# Vivarium build



## Alex72 (Oct 8, 2012)

Hey guys, I'm planning on making my own vivarium but unsure of what material to use? I was hoping to go buy all the gear I need from bunnings this week/weekend. I have been searching around and have seen people have used melamine, MDF and other such material but im unsure which is best to use?

also what kind of protection will the wood need to keep it from warping(?) I.e; varnish, paint ect. 

I have made a basic design on solidworks (computer program) and will upload the dimensions and some images once im home (planning on building the standard sliding glass front door viv.).
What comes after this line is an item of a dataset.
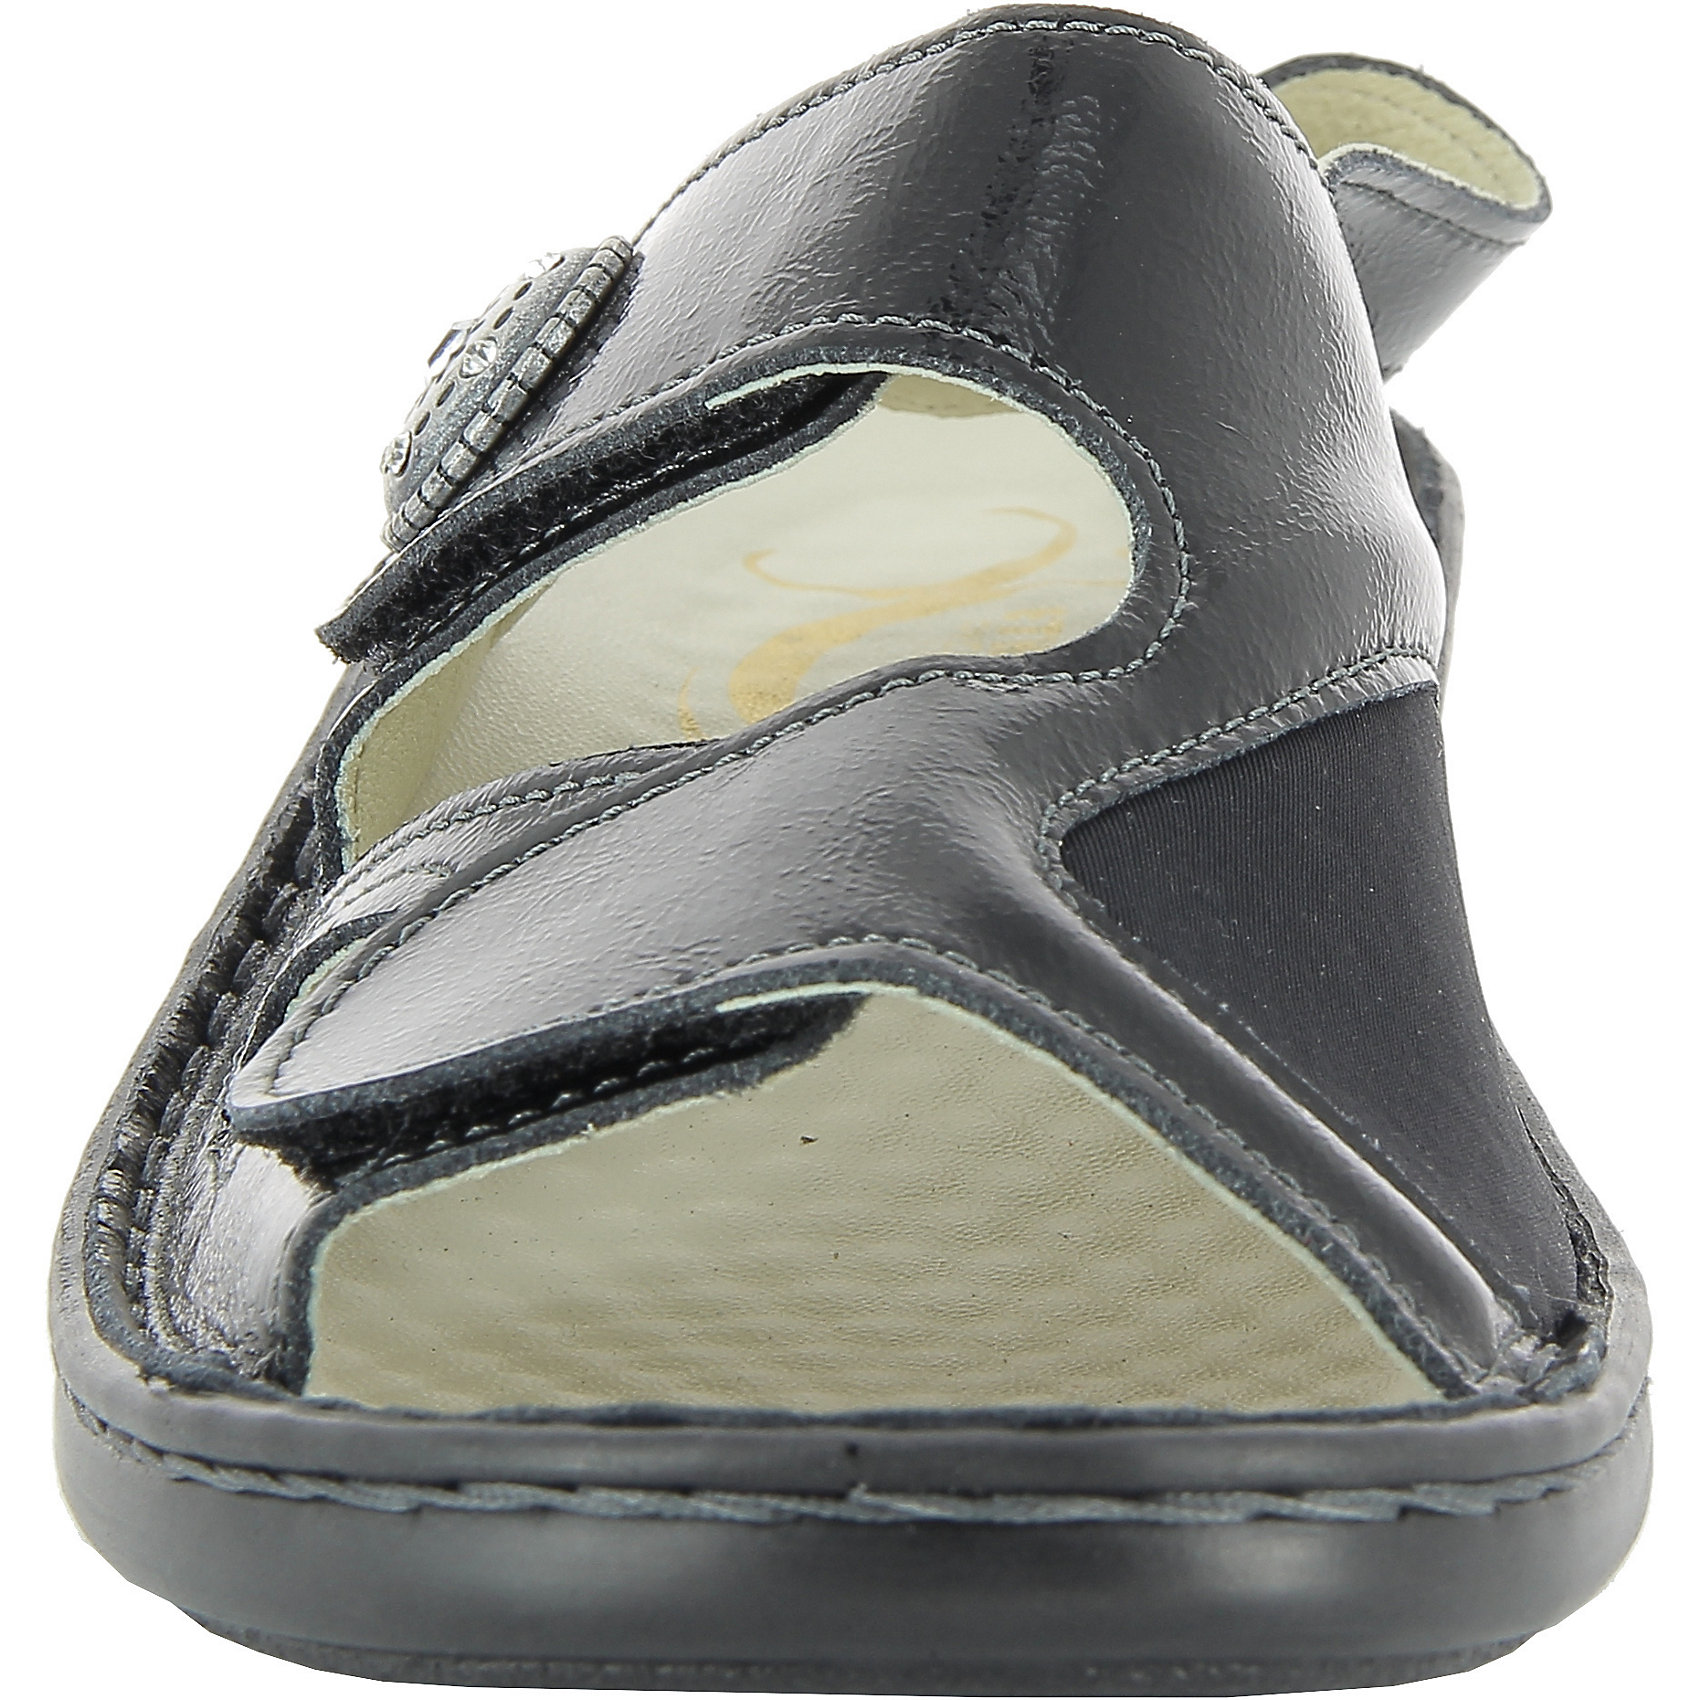 Neu Florett Isabell  Komfort-Sandalen schwarz 7210627 für Damen schwarz Komfort-Sandalen fd471c

thanks for any help you may have! 



I'll upload progress shots once I've obtained the materials and start building (hopefully within the week)


----------



## JrFear (Oct 8, 2012)

hey, i build all my enclosures out of melamine, its easy to build with and looks good! 
build up your box and wack some glass on! bunnings sells precut melamine which is good or u can go to a suppiler and get them to cut it for you!


----------



## jbest (Oct 8, 2012)

JrFear said:


> hey, i build all my enclosures out of melamine, its easy to build with and looks good!
> build up your box and wack some glass on! bunnings sells precut melamine which is good or u can go to a suppiler and get them to cut it for you!



Bunnings will also cut to size. They say its about a dollar or two a cut but they've never actually charged me.


----------



## JrFear (Oct 8, 2012)

the bunnings i go to tell me they dont! i find suppliers work out cheaper!


----------



## Alex72 (Oct 8, 2012)

Will the melamine need any varnish? I hope my bunning's will cut it too size :?


----------



## JrFear (Oct 8, 2012)

its laminated! u can seal the inside once u build it to make it water resistent!
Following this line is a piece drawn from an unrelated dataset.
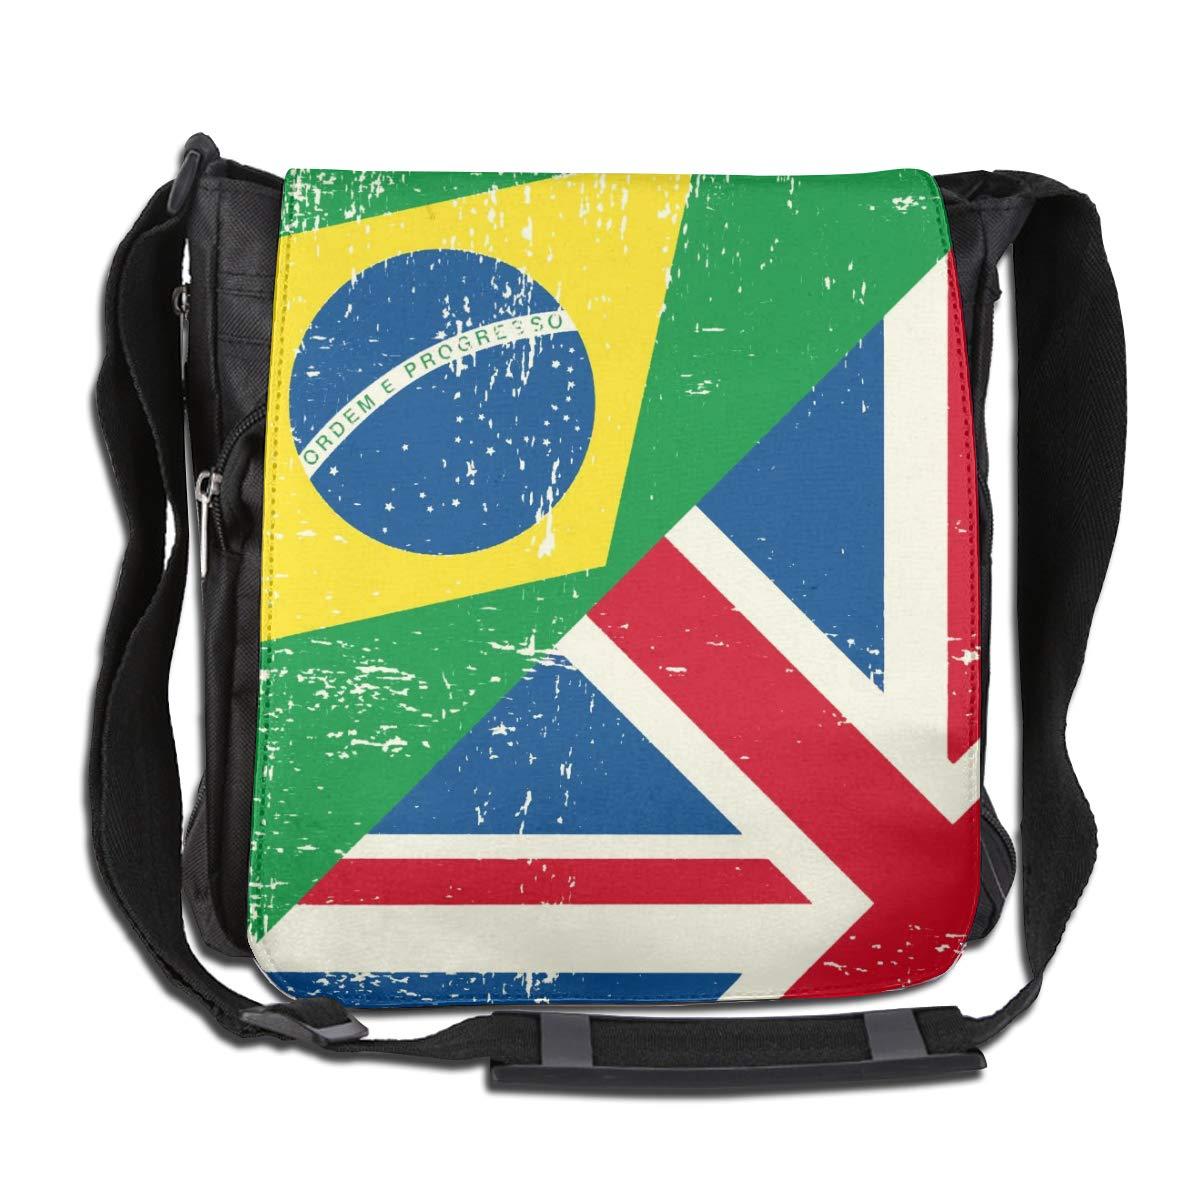 UK And Brazil Flag Crossbody Shoulder Bag Durable Casual Daily Messenger Bag Satchel School Bag For Women And Men

its white by the way! but u can get black but it costs more!


----------



## Alex72 (Oct 8, 2012)

haha  cheers for that! sounds like its what I want! I'll be putting in a waterproof sealant as well. Ill upload my plans once im home


----------



## JrFear (Oct 8, 2012)

sounds good always enjoy looking at other peoples plans and creations!


----------



## Alex72 (Oct 8, 2012)

hope these work:





the middle bit will be split into two glass panels with a lock and some handles. also a air vent will be added and a light. (didnt bother added these features)





basic drawing of what i want with some lengths (from memory its about a metre long, 450 deep and 450 high... might have to change the model, not that it matters).
I Have another designed which invloves a hinged roof that I'll take a picture of and upload. I think the hinge roof will be easier for cleaning, feeding ect. (I'd have to mount the light on the side of the tank to allow the roof to hinge)


----------



## Virides (Oct 9, 2012)

Alex72 said:


> the middle bit will be split into two glass panels with a lock and some handles.



We have just the handles for you - Virides - Stylish Enclosure Enhancements


----------



## Alex72 (Oct 15, 2012)

ok so I have my materials now!

I grabbed 2 planks of melamine of the shelf from bunnings and got them cut to size (giving me my two sides and top/bottom). for the back I decided to use mdf (subject to change). I got some nails and a few screws plus some silicon style glue. 

I also got myself a light fitting, a bulb and its cage. I'll be buying some red sand soon (would drive to whoop whoop and get it for free, but the price of petrol these days....) and I'm constantly on the hunt for some rocks/logs to throw in there as well.

does anyone have any idea's on real plants that can be housed in vivariums? I want to add a small shrub style thing to the cold end but im not to savvy on plants. does anyone have any ideas?

Also, I am unsure whether to add screws to the melamine as i fear it might split any suggestions?

I'm a bit busy during the week (uni work and all) so I'll be back to bunnings on the weekend and hopefully get most of the viv. build before next monday...

enough talking, some pics!



most the gear I bought, some nails, screws, light, light bulb, silicone, wood ect... just testing a dry fit.




my beautiful childrens that the viv. will be housing.. getting nice and fat.




she's so dam sexy!

anyhoot, I'll update on the weekend to see how far i get.


----------